I love love stories. I like to know how couples met. I like sappy romance movies. It is comfort for me even when it is formulaic. I will watch a romance and never lose hope that it could turn out to be good story. Sometimes I like the costumes (A Room with a View), sometimes I like the squeaky bed sounds (Delicatessen), sometimes the cinematography and humor (Amelie), sometimes I like the story of falling in love with a place (Local Hero), and sometimes I like the failure of love (Raise the Red Lantern). I have often liked foreign films.

Yesterday I watched a movie that touched me in these two surprising areas- the memory of bathing many human bodies and of love. Departures is a Japanese film that struck this memory cord with a bang. The film is richer for having lived here too. I could understand only the customary greetings and comments that are daily used in Japanese so I read the subtitles. The relationships and how they are portrayed seemed so right on. My Japanese mama friends, when they have talked of troubles in their relationships, have always commented that they just ignore their husbands for weeks at a time. (If I am upset you hear about it especially if you are my husband. He'd probably like it if I ignored him.) The film captures some of this overlooking or ignoring things in relationships- it seems very much alive and well here. There is a lot of the being positive attitude that I see here shown in the film in the main relationship which made me wonder if I had never lived here how I would look on it. The real beauty for me though, was the protagonists experience with cleaning all of those bodies, preparing them for their departure through the last threshold of this life. It is done with much love and sincerity. We could all learn something from watching our loved ones being prepared in such a way. I particularly loved the teenage granddaughters who insisted their obaachan or grandmother would want to depart this life wearing thigh high knit socks under her kimono; and through their giggles you knew their grandmother would have- she had giggled a lot with them. It was a quiet and moving film, worthy of one's time.

A friend of ours recently died as a result of a horseback riding accident. She was someone I thought I would have time to catch up with again when we returned to the states-all those plans that we put on hold as we pursue new adventures.
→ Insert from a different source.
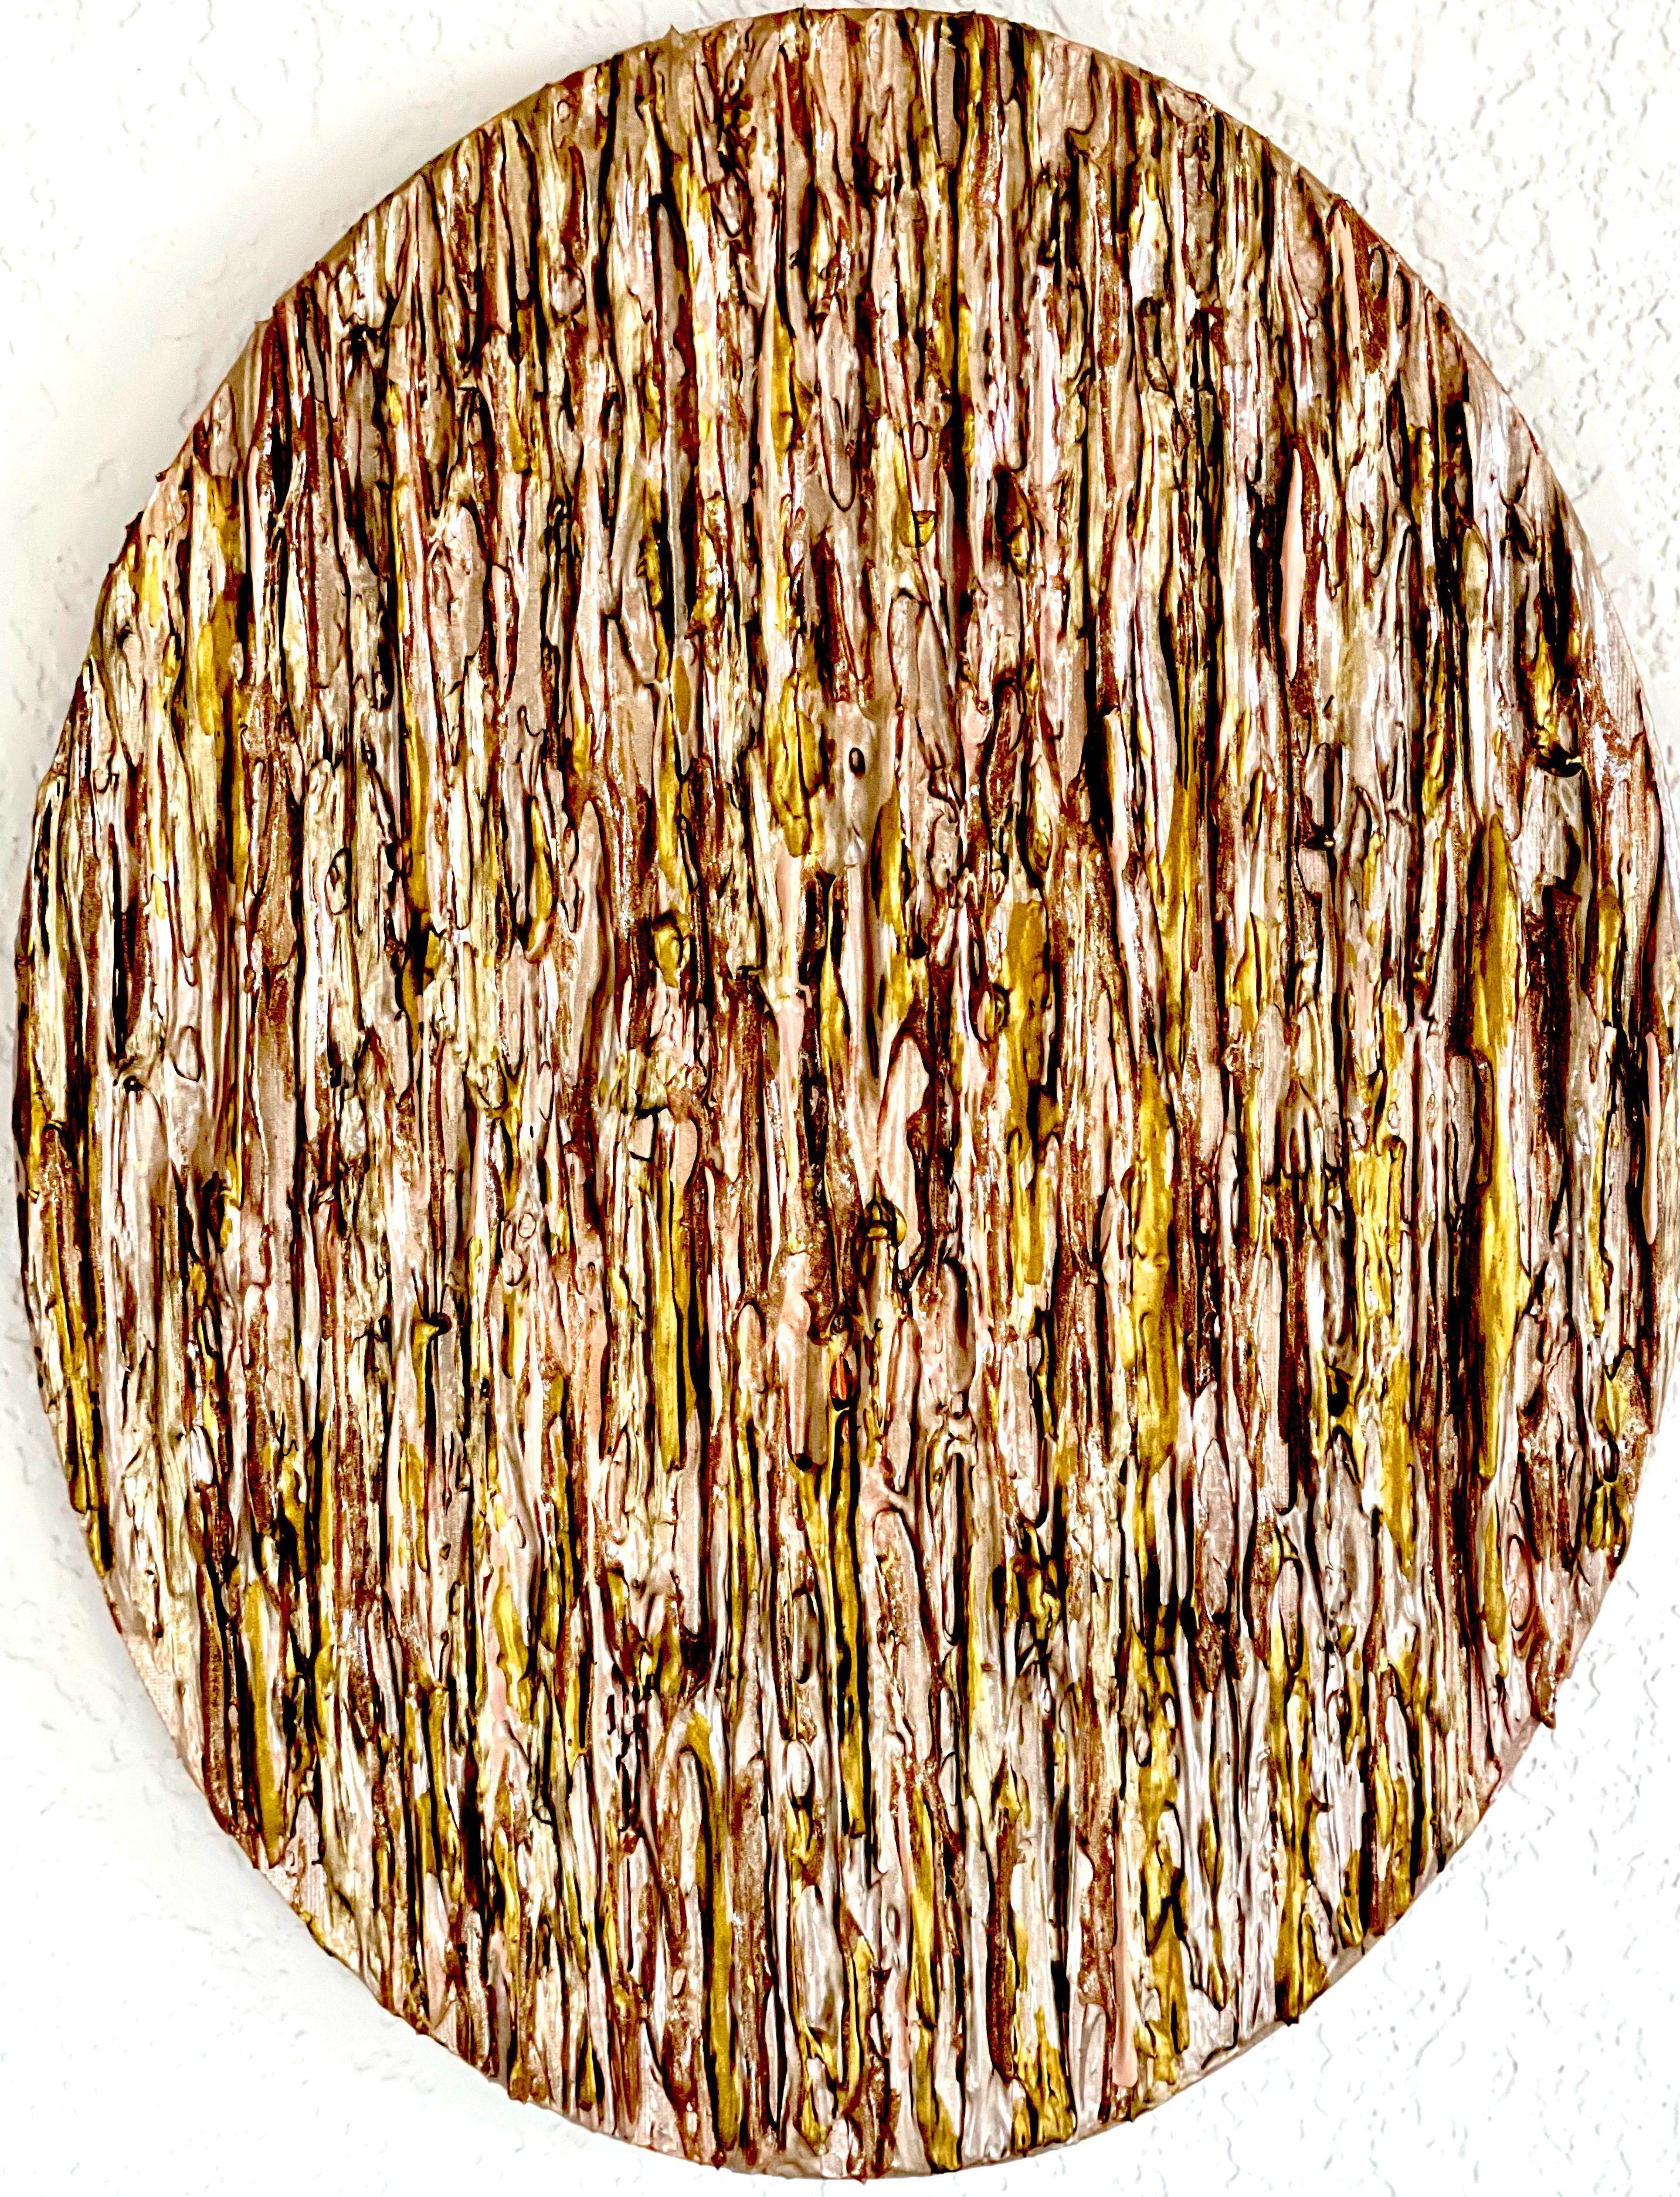 â€œODEâ€ - Composition of 13 Oval Paintings, Mixed Media on Canvas - Contemporary Mixed Media Art by Daniela Pasqualini

Life is such a rough road- I think that is why I crave more beauty in my day. Beauty, as depicted in "American Beauty" as in the wrinkled hands of my great grandmother, the plastic bag floating on the wind, a touching song, a meaningful poem, an act of kindness, a show of respect. Those kinds of beauty seem more important to me now as they touch a dark, deep place within me that after a long fast need to be nourished.

Departures in our lives make us aware of our own shortcomings and short time. I want to drink in beauty with all of its ugliness as it is what is real and nourishing to me. Cleaning the skin sets the stage for the departure in the film, but in cleaning it, and in being present, love is released. Now for a hot soak.

1 comment :

  1. Reiko and I were just talking about that film the other day and I have been scouring the internet ever since. How odd that you would pop up.